So, what you've heard us talk about recently – and you've seen it in our seat growth, especially over the past, I would say, two years, where people have been surprised with this durability – is that the ability of that solution set to reach into two places more directly. First would be small and mid-sized businesses, which for us tends to be – a definition of that would be entities with less than 300-ish seats. So, they're still pretty big, but we would call that small to mid-sized in our language that we use.
And then, secondly, frontline worker. And there's about two billion of those around the world that you can address with different types of solutions that really make a difference to that fundamental productivity we've been talking about.
So, when you're seeing the seat growth and is it durable and how far are we along the journey, we just have a long way to go with solutions that can, I think, really add fundamental value to their productivity, to the joy of doing your job, being able to complete that job easier, feeling empowered in your job.
And so, I'm excited about the progress there. And so, that's the "Q." I don't want to guess. If you're going to ask about the "P" next, I'm ready.
Keith Weiss : All right. Next question. What's the "P" look like? I'll just keep it shorter now.
Amy Hood : You know what we call that, Keith, at work? We call that the growth mindset. Because when you get feedback, you take it in and you learn. And I get feedback a lot at work on this topic, and I just want to say you did great.
So, on the "P," which in this instance I'll talk about as both pricing, which I know we get asked about, and price changes; and then, secondarily, our ability to have users adopt more of the suite or more solutions to raise price over time.
So, first, I feel really – I feel good about where we are in pricing. We have some price changes go into effect beginning this month, beginning of next month – I lose track of March – this month. Great. It's March. And so, the ability to realize that price I feel strongly about. There's a ton of value in the SKU. We continue to add value. And so, I think that's being well executed.
The more exciting part has always been the ability to add new value to a SKU for users and companies around the world to feel and get more value. In some ways, I think we've talked a lot about security. So, people always kind of start and stop with security as the value. And because we've given more, I think, revenue points on that, people have an understanding of how big that opportunity is for us.
Beyond that, I think compliance. And there's a lot of room, I think, to continue to move people, as we've said, to E5.
So, Security. Compliance. Analytics value. Power BI is really the default tool for analytics, and it's become that. We've seen great growth. I feel really good about our progress on that.
And then, finally, one we've been talking about a little more lately, Teams Phone, which we talk about as voice and telephony. We've seen really strong growth there, as well.
And those pillars, I think, add a lot of opportunity for us to both cut costs for customers and let them have a better and more integrated experience. And so, we've got some room for sure on ARPU, as well, and the job there is to continue to make sure people understand the full value of the suite.

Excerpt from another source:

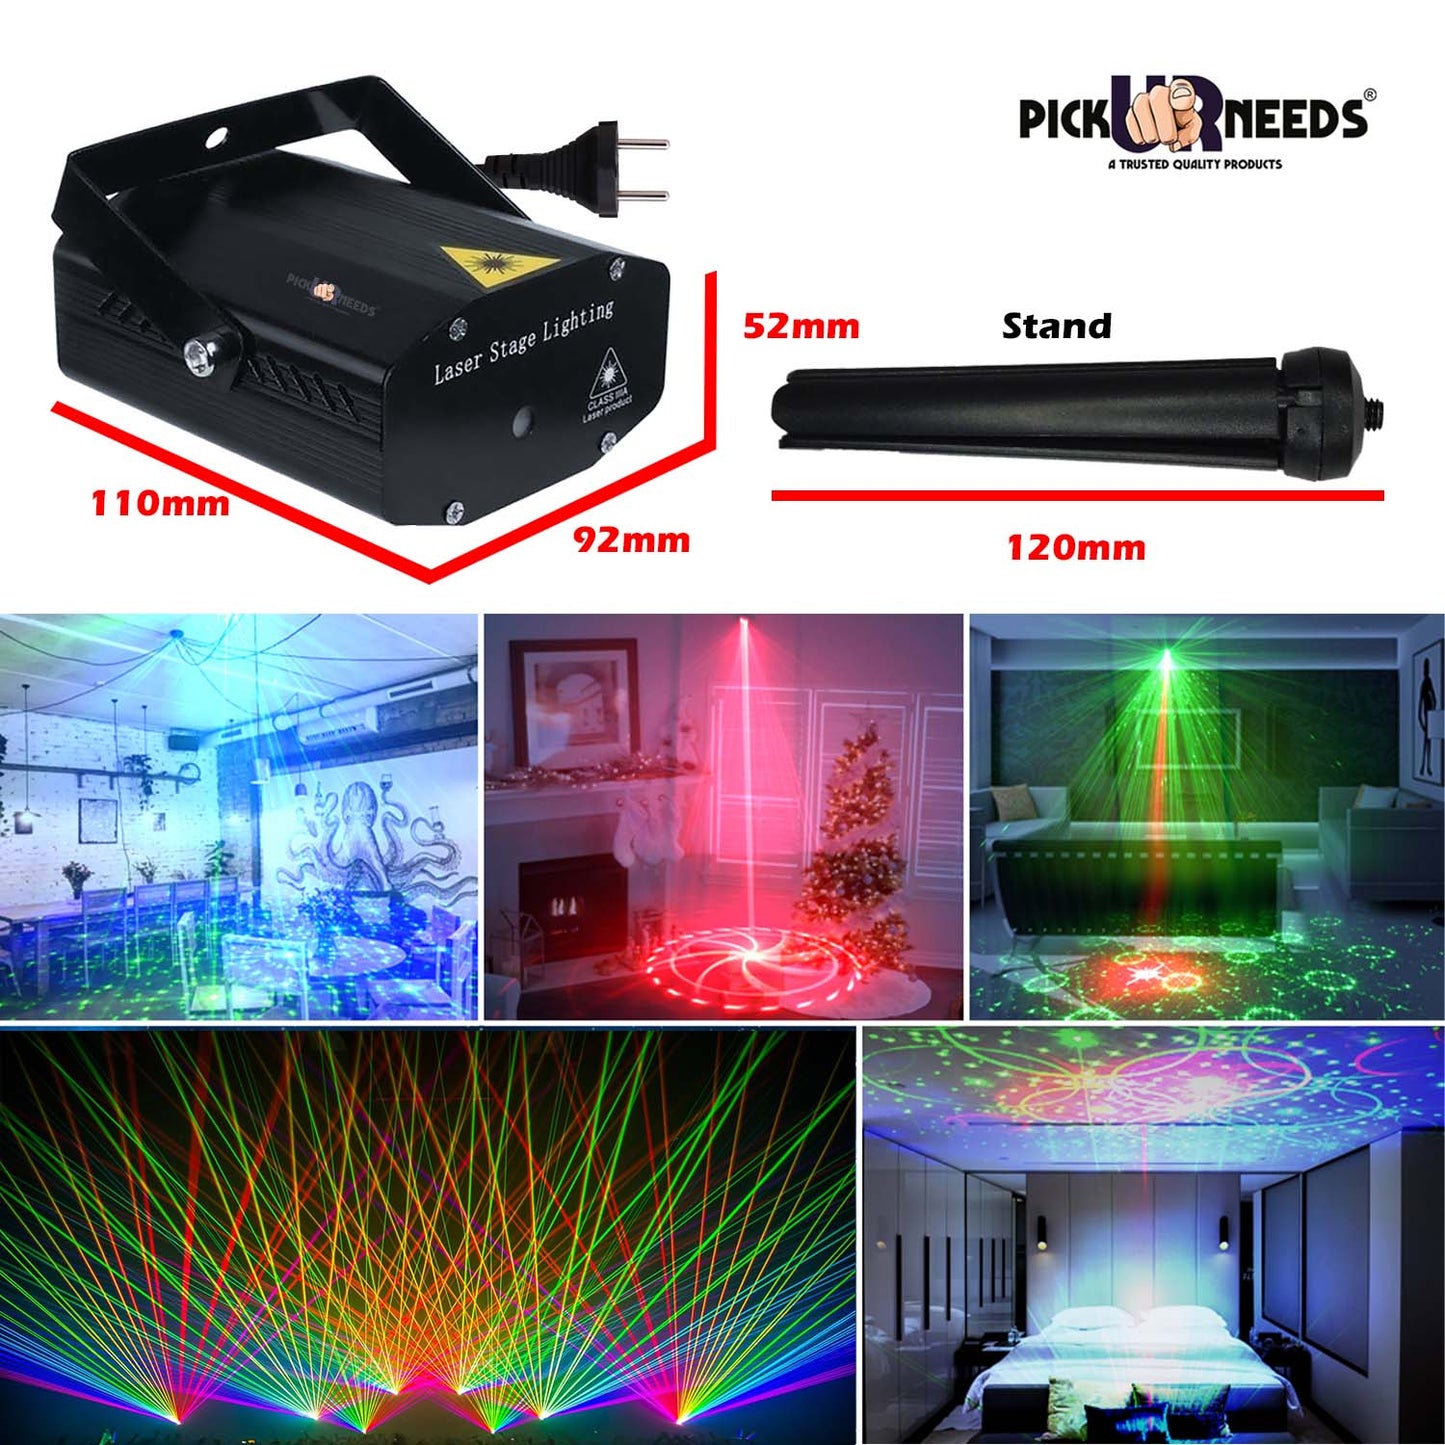 Pick Ur Needs Mini LED Dj Disco 12 Mode Combination, Stage Sound Activated Projector Shower Laser Light

All four legs of that E5 stool have a ton of utility to them, and they're quite competitive on their own. And then if you think about them as a suite, certainly offer very compelling value. So, we've got some good room there, as well.
Keith Weiss : Got it. Is there ever a time when we'll see an E7 SKU, that more functionality comes into the suite?
Amy Hood : It's interesting. I get asked that a lot. And I can see why. In Excel, if you go 1, 3, 5, there's a decent question on 7. And so, I will tell you, though, right now I've been a lot more focused on whether or not – and we continue to think through this and you've seen us move a little bit down this path – whether you're better off offering some standalone solutions that you would sell in addition to E5 and maybe not call it a suite.
I'd say things like that. Viva is a terrific example. Viva will be monetized mostly outside of the suite. That experience is resonating incredibly well with customers around the world, that we've just really started talking about it and releasing very early components. The desire for employers to be able to have a real pulse in terms of employee engagement, employee learning and skilling, that's the type of, I think, example where I would say, "Gosh, I'm not sure that's the right move is to put it in a suite." It's got great standalone value. People should adopt it and deploy it directly. Having that be a direct sale makes a ton of sense to me.
The other thing to think about is a lot of the new, what I would call, productivity tools may, in fact, look a little bit more like consumption that you would normally associate with Azure. Maybe you would have on the back end limits, and that would be deploy it and the more you use, the more you would pay. Otherwise, I guess it's value pricing.
But it's – I think I tend not to limit the scope of Microsoft 365 or Office 365 to a concept that says it has to be in a suite and it must be for a user. It's pretty narrow. It's actually – I wouldn't say "pretty narrow." I now believe it to be narrow and too narrow for what that cloud opportunity and footprint can be.
Keith Weiss : Got it. What came into my head, not necessarily an E7 offering but, like, the natural extension of what we've seen. Power BI is kind of in the E5 suite. The Power Platform, more broadly, there's two other legs of that stool that we're hearing good indications on, that there's a lot of customer demand for better automating those processes. Can you dig in a little bit in terms of sort of the opportunity around Power Platform and where you guys are seeing the initial traction with that?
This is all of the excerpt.